1 store-bought pie crust, or you can make your own
5 table­spoons flour
1 cup unre­fined sugar
2 1/2 cups heavy cream
1 tsp pure vanil­la extract
whole nutmeg

Sprin­kle flour and sug­ar into the unbaked pas­try crust, then add cream and mix WITH YOUR FIN­GERS. I know this sounds dis­gust­ing and it is. A bit. But every recipe I read includ­ed this arcane instruc­tion to mix with fin­gers, so I did. Just keep stir­ring gen­tly, pick­ing up the sug­ar from the bot­tom, squish­ing the flour bits into the cream, until it’s all mixed.

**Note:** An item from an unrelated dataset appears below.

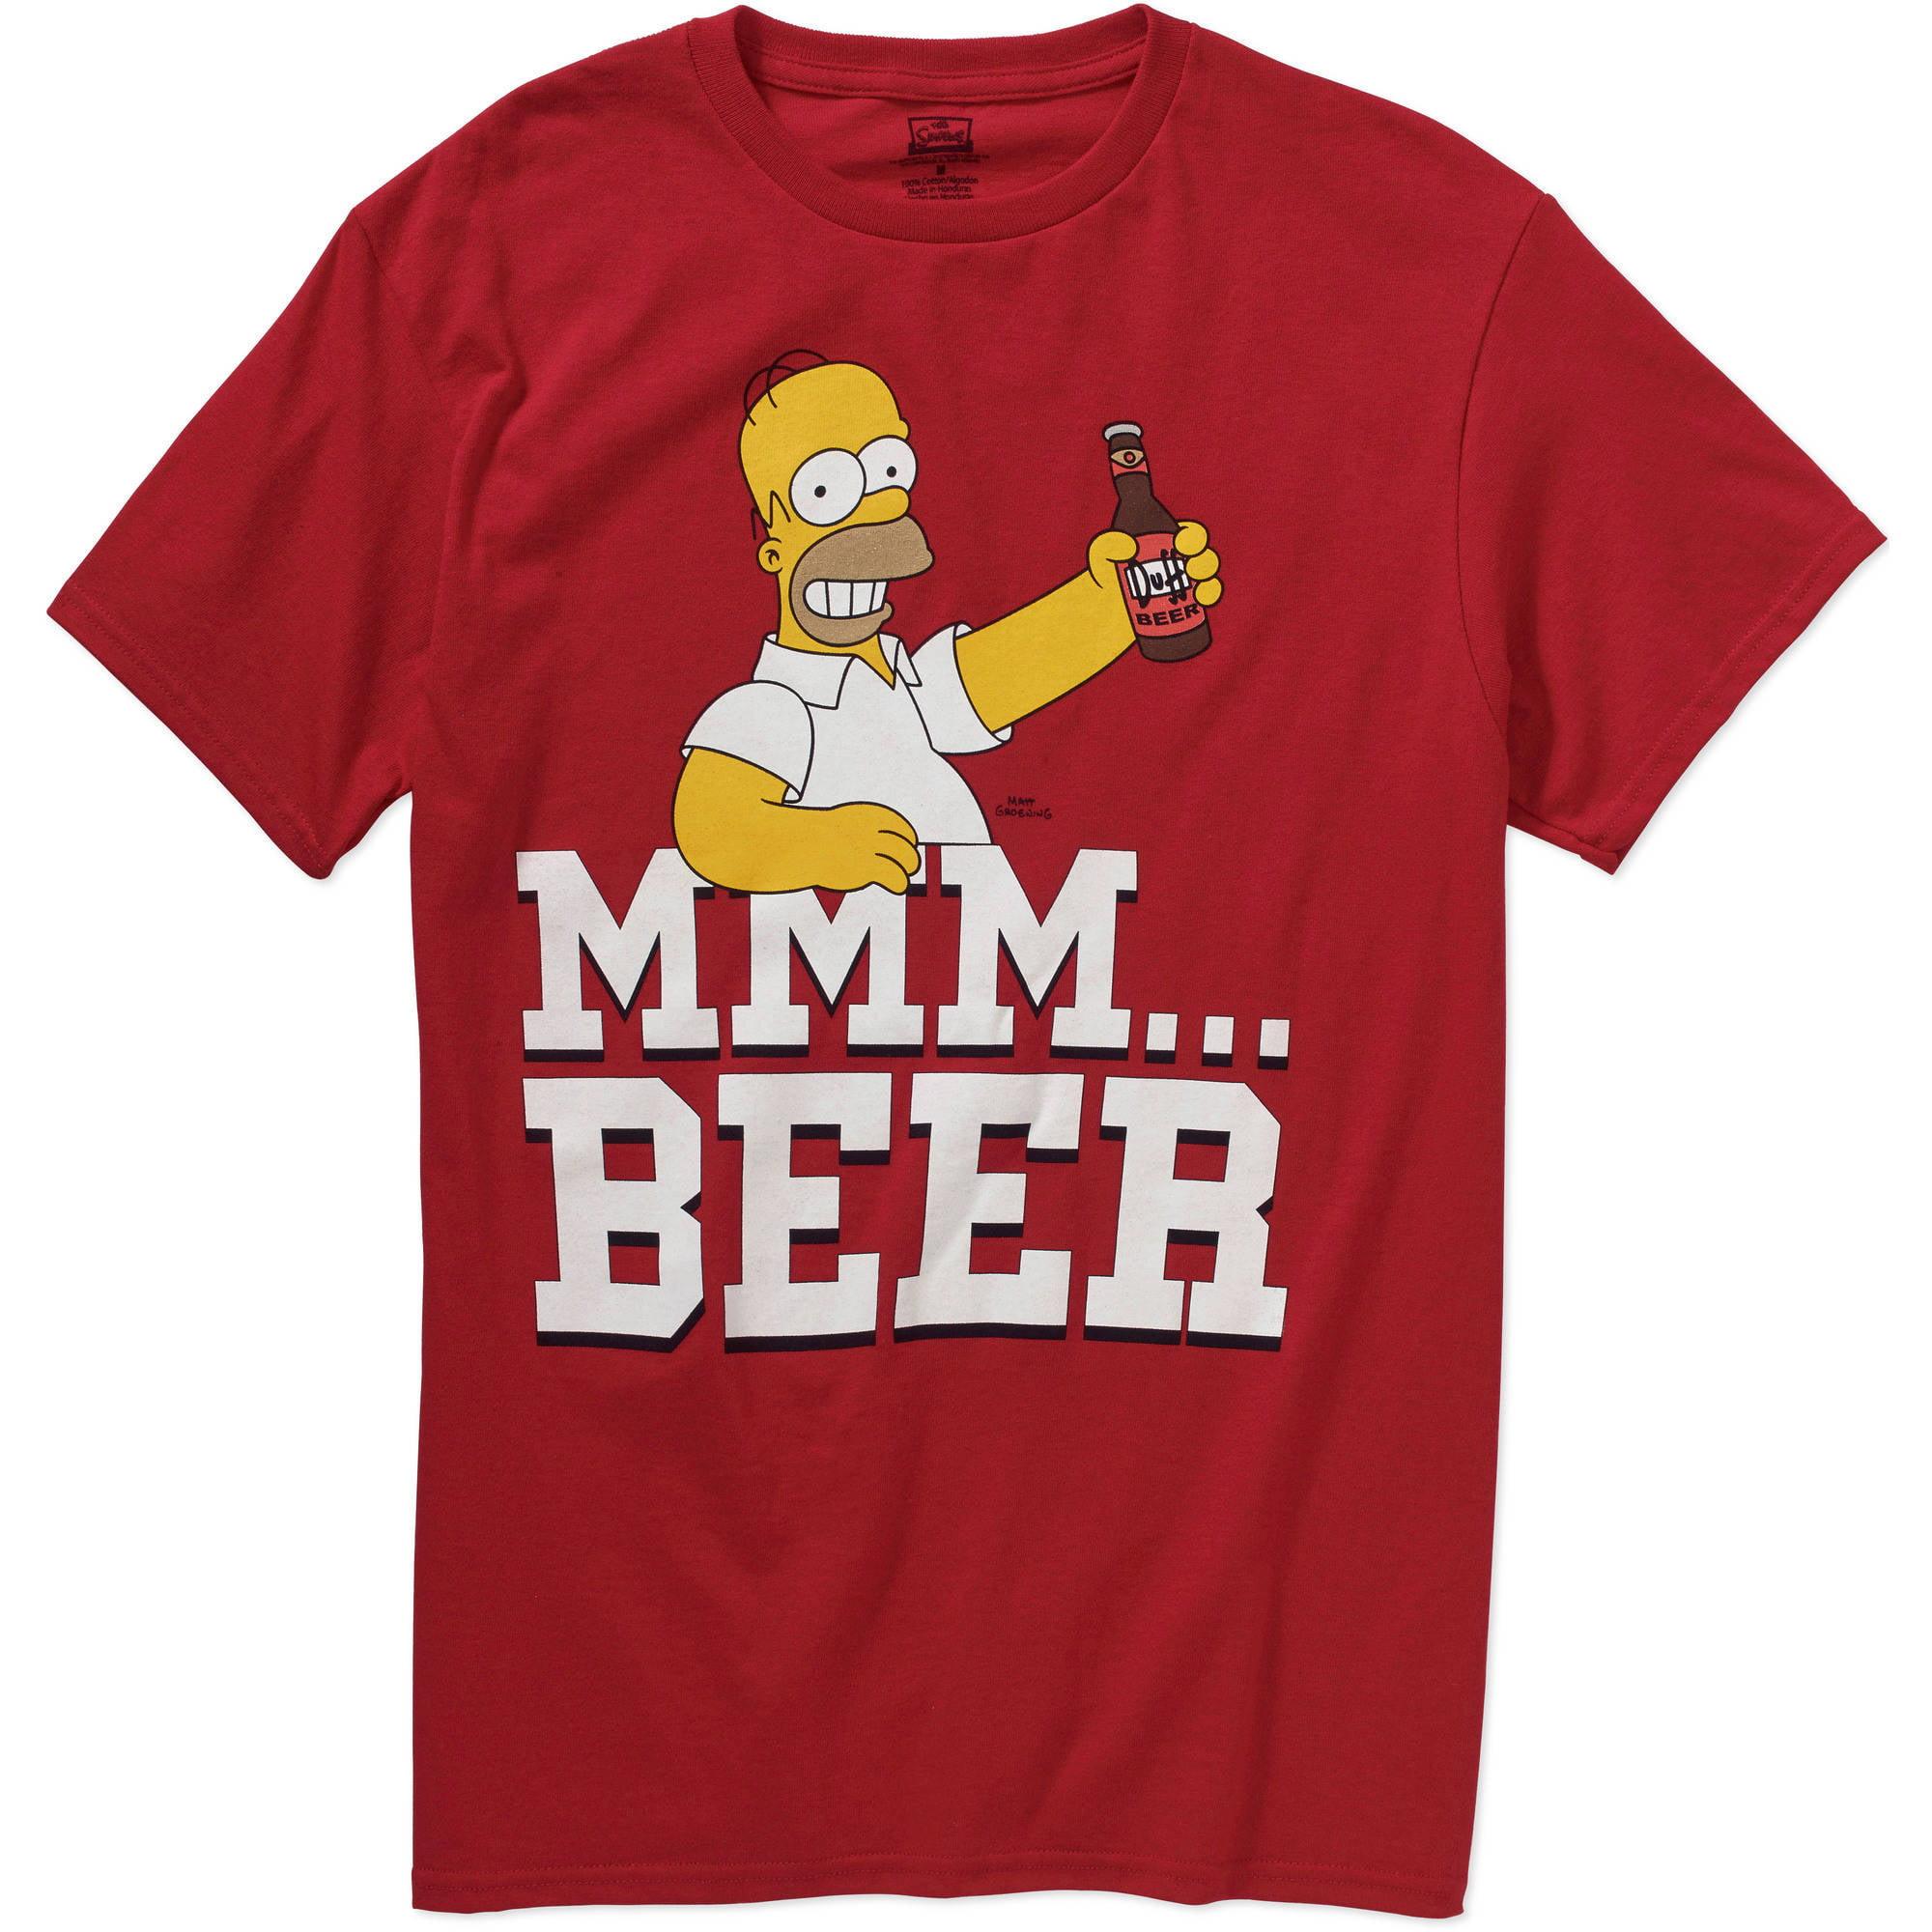 Simpsons Homer Mmm Beer  Big Men's Graphic Tee

Then gen­tly add vanil­la and grate nut­meg, just a sprin­kling, over the top.

Bake at 450F for 10 min­utes, then turn oven down to 350 and bake for anoth­er hour. Take the pre­cau­tion of lin­ing the oven floor with foil, because I did­n’t and the repul­sive job of clean­ing my oven which I’d done the DAY BEFORE will now have to be redone, because sug­ary cream leaked over the edge of the pie. Drat.

Cool com­plete­ly before serving.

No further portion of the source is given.